PROBLEM DESCRIPTION:
Reproduce exactly, and only, the lines below from the one containing "CİSAD Cilo Sat" through the one containing "Stunning Flower Wallpaper".

Excerpts from a dataset:
^^^^

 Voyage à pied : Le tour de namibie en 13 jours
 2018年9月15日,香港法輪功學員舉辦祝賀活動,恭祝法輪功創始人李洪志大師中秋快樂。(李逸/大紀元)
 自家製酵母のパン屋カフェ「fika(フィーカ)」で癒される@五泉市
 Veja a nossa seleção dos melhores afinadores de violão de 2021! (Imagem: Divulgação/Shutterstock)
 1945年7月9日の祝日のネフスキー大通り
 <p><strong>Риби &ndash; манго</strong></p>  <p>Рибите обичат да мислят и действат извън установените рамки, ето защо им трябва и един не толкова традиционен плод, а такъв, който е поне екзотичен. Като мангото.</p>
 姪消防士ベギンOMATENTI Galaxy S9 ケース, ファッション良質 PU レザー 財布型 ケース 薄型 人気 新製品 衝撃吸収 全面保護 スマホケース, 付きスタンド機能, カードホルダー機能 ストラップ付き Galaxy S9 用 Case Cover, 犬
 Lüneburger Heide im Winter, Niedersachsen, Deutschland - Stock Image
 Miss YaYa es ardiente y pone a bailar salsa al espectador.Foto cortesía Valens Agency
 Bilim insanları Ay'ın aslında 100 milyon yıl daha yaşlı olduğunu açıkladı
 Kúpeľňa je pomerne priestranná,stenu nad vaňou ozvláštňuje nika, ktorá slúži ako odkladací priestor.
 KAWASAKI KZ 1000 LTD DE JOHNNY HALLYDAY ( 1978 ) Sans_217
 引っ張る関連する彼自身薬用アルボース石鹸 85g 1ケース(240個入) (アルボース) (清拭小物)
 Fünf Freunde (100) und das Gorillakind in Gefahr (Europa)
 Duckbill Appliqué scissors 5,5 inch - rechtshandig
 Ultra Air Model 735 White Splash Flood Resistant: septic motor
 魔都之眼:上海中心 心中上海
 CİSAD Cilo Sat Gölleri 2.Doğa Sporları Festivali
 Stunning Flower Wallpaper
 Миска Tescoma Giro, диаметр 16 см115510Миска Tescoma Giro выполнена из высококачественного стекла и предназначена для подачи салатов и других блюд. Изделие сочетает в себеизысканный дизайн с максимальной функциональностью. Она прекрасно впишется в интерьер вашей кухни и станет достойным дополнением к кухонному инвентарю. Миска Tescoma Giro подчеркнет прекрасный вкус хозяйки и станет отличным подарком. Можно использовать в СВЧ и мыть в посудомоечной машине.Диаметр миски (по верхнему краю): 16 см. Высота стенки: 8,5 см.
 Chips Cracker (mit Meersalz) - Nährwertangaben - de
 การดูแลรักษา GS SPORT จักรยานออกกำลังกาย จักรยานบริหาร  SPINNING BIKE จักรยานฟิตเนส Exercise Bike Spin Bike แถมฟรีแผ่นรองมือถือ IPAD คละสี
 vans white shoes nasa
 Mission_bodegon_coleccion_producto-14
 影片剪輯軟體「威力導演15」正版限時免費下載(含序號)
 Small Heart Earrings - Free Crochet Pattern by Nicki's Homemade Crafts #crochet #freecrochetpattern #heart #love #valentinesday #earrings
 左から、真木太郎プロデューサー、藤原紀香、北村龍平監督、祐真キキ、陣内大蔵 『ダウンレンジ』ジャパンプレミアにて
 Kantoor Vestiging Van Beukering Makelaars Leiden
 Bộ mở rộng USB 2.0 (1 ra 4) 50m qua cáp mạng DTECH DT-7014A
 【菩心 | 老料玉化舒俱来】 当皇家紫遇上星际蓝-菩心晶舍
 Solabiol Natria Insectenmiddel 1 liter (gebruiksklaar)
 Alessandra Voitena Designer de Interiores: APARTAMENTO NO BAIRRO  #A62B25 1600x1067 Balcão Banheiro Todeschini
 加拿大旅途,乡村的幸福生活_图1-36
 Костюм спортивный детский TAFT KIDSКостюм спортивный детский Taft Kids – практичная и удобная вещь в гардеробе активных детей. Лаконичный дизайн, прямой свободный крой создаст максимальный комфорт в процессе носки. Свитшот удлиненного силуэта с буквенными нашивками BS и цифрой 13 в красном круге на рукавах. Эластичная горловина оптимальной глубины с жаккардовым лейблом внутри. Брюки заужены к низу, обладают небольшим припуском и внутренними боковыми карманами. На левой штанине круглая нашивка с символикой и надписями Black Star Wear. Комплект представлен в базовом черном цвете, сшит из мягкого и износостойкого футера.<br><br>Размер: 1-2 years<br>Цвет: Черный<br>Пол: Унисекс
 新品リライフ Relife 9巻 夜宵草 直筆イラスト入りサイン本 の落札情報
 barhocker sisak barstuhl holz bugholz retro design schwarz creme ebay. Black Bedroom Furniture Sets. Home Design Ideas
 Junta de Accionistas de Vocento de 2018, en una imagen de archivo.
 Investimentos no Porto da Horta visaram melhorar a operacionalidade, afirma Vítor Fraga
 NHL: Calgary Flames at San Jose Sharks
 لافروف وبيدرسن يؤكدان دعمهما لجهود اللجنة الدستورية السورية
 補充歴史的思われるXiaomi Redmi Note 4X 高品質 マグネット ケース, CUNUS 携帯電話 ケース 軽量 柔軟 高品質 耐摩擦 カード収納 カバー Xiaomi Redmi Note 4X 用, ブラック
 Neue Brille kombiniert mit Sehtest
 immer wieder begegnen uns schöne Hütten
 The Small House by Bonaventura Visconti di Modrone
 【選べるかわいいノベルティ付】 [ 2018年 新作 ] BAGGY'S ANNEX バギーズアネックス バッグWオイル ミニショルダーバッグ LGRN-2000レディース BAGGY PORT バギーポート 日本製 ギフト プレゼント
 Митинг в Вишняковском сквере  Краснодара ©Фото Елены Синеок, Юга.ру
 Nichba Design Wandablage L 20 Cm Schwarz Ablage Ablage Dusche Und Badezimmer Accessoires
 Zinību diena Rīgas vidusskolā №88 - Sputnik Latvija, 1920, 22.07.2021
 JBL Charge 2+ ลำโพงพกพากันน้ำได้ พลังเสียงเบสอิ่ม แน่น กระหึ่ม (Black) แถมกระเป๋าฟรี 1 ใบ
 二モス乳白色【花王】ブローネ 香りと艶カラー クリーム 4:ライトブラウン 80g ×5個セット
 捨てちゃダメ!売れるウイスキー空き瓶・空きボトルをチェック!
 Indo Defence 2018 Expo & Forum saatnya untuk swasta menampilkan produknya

^^^^

TASK RESPONSE:
 CİSAD Cilo Sat Gölleri 2.Doğa Sporları Festivali
 Stunning Flower Wallpaper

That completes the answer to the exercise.